**** DATASET CONTENT ****
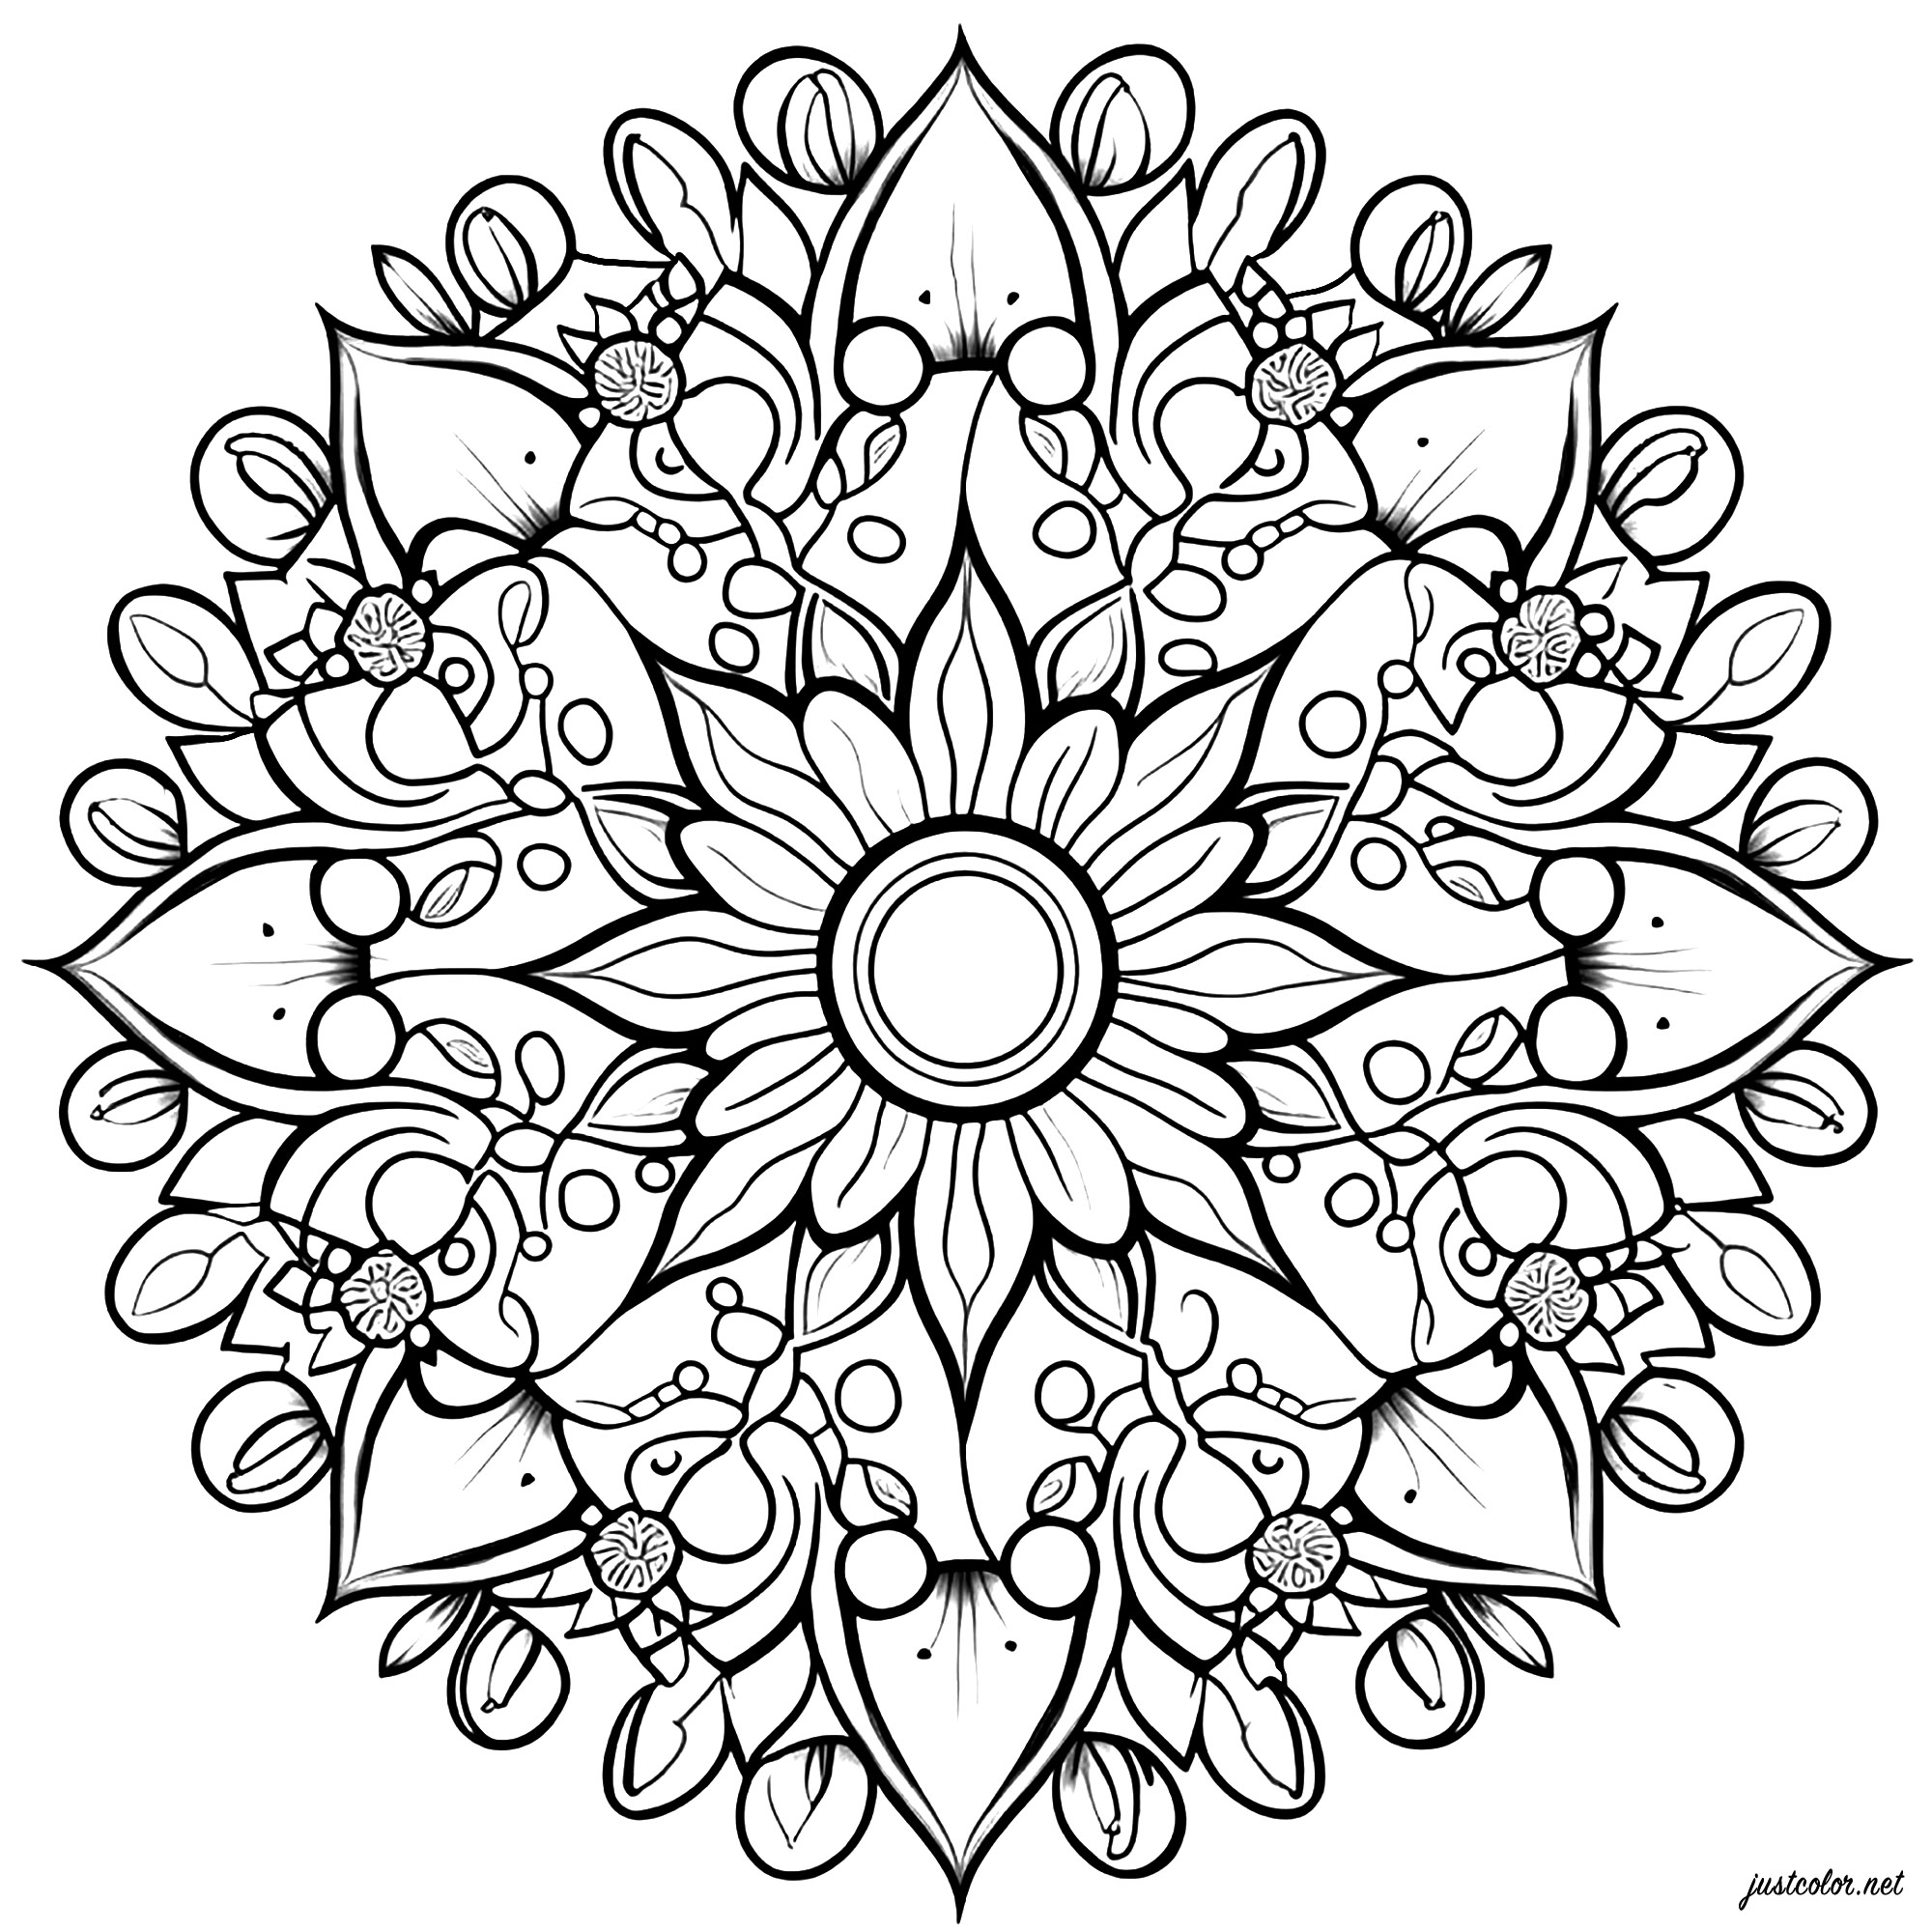 This coloring is a beautiful mandala with flowers and harmonious plant patterns. It is composed of several concentric zones that intersect, each consisting of flowers and leaves with delicate patterns.
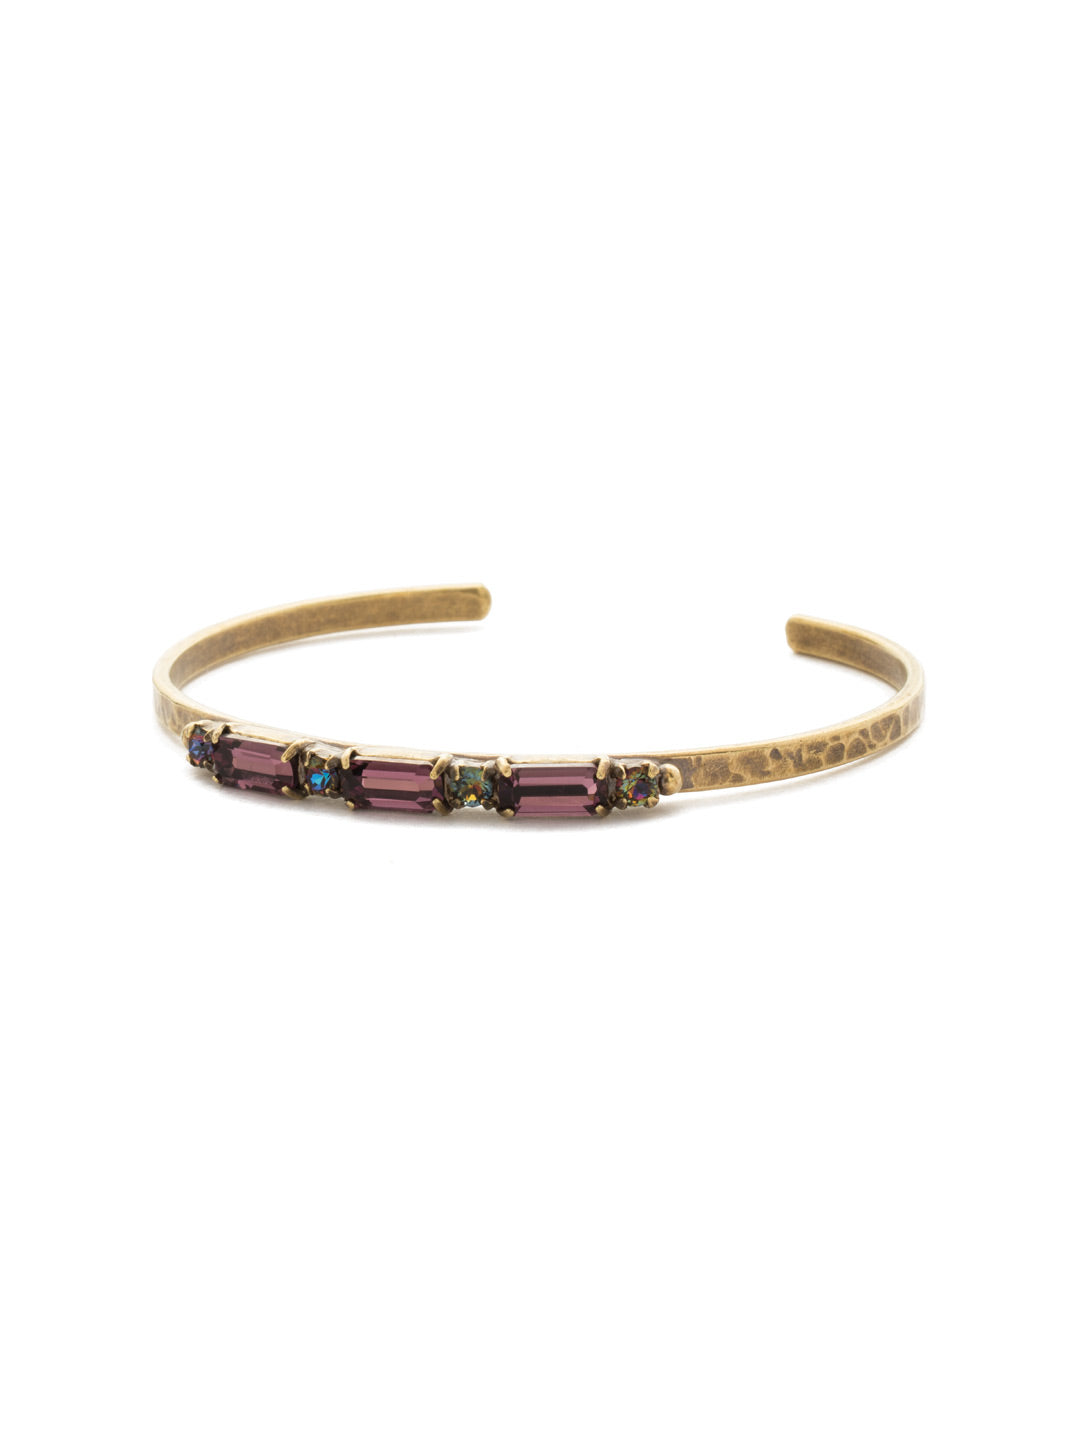 Line and Dot Cuff Bracelet - BDK50AGROP - <p>A thin, hammered oh-so-stackable cuff bracelet with an alternating pattern of round and baguette crystals. From Sorrelli's Royal Plum collection in our Antique Gold-tone finish.</p>
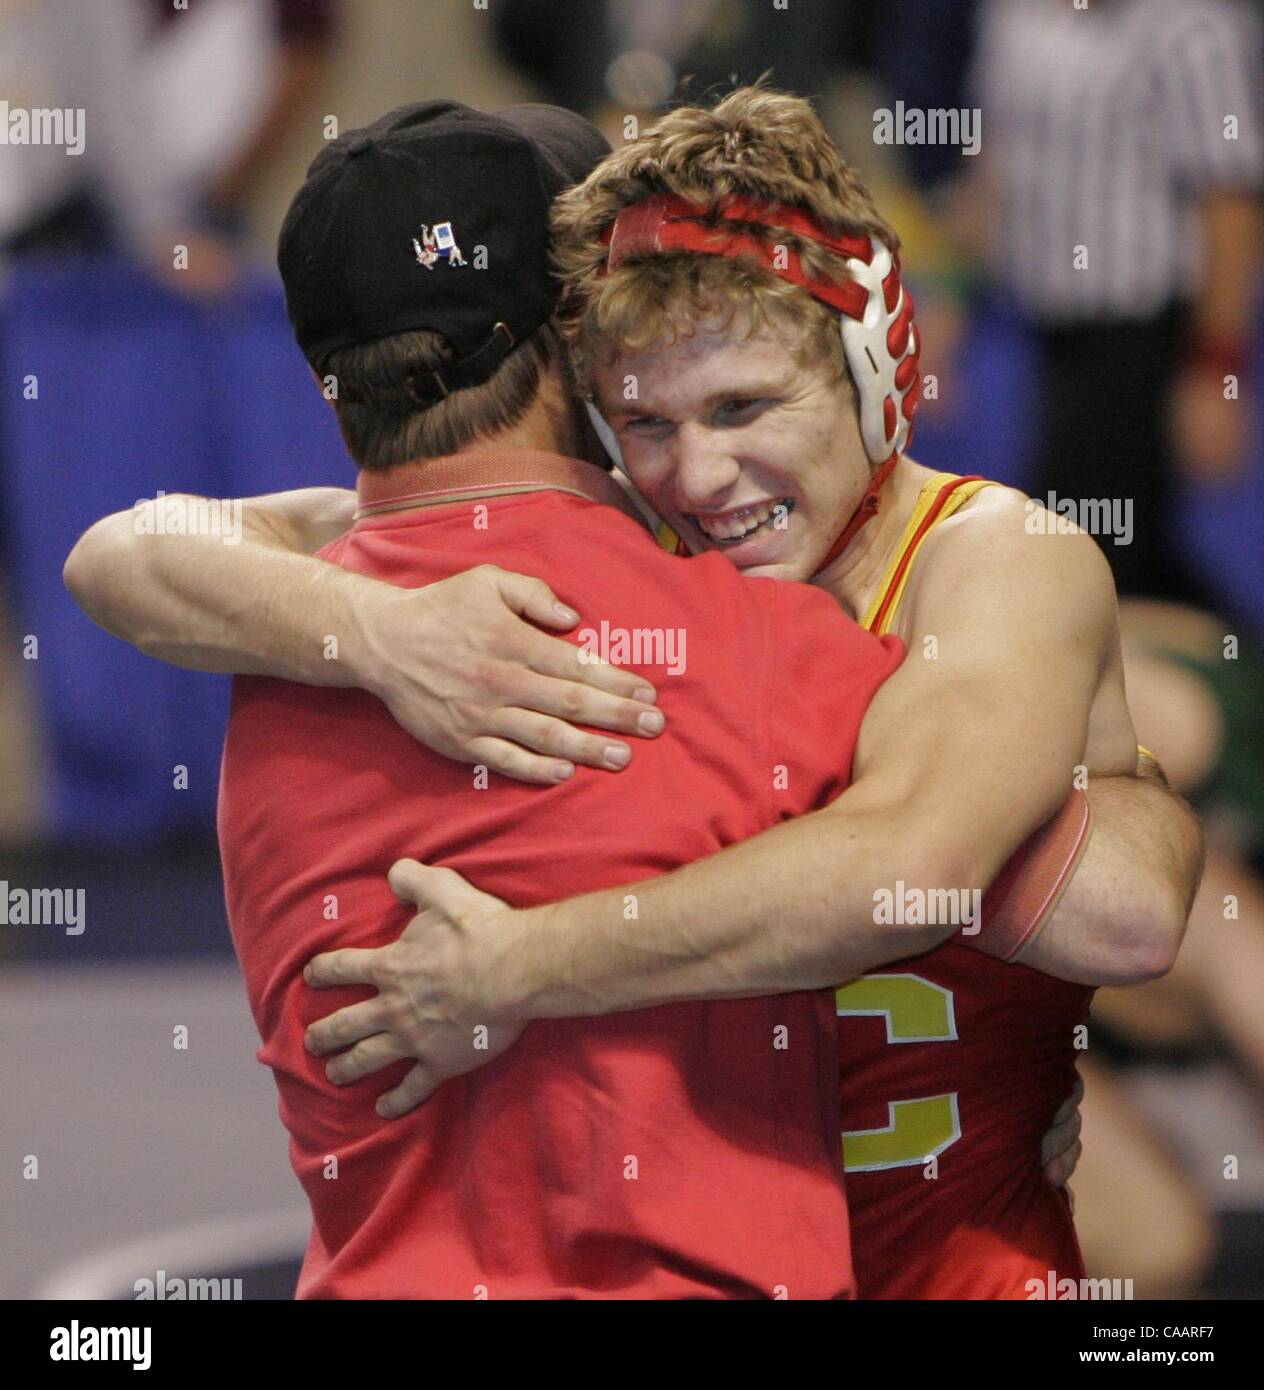 (Published 3/10/2005, NC-7, NI-7) Mt. Carmel's 145 lb. TODD McKAY hugs JOSE CAMPO, one of his coaches, after his consolation match victory over Anthony Box, of Bakersfield High School, 7 to 4.  U/T photo CHARLIE NEUMAN Stock Photo
****
Nothing but the lines from the first line of the data through the line with "Line and Dot" belongs in the answer, copied exactly and without pictures.

 This coloring is a beautiful mandala with flowers and harmonious plant patterns. It is composed of several concentric zones that intersect, each consisting of flowers and leaves with delicate patterns.
 Line and Dot Cuff Bracelet - BDK50AGROP - <p>A thin, hammered oh-so-stackable cuff bracelet with an alternating pattern of round and baguette crystals. From Sorrelli's Royal Plum collection in our Antique Gold-tone finish.</p>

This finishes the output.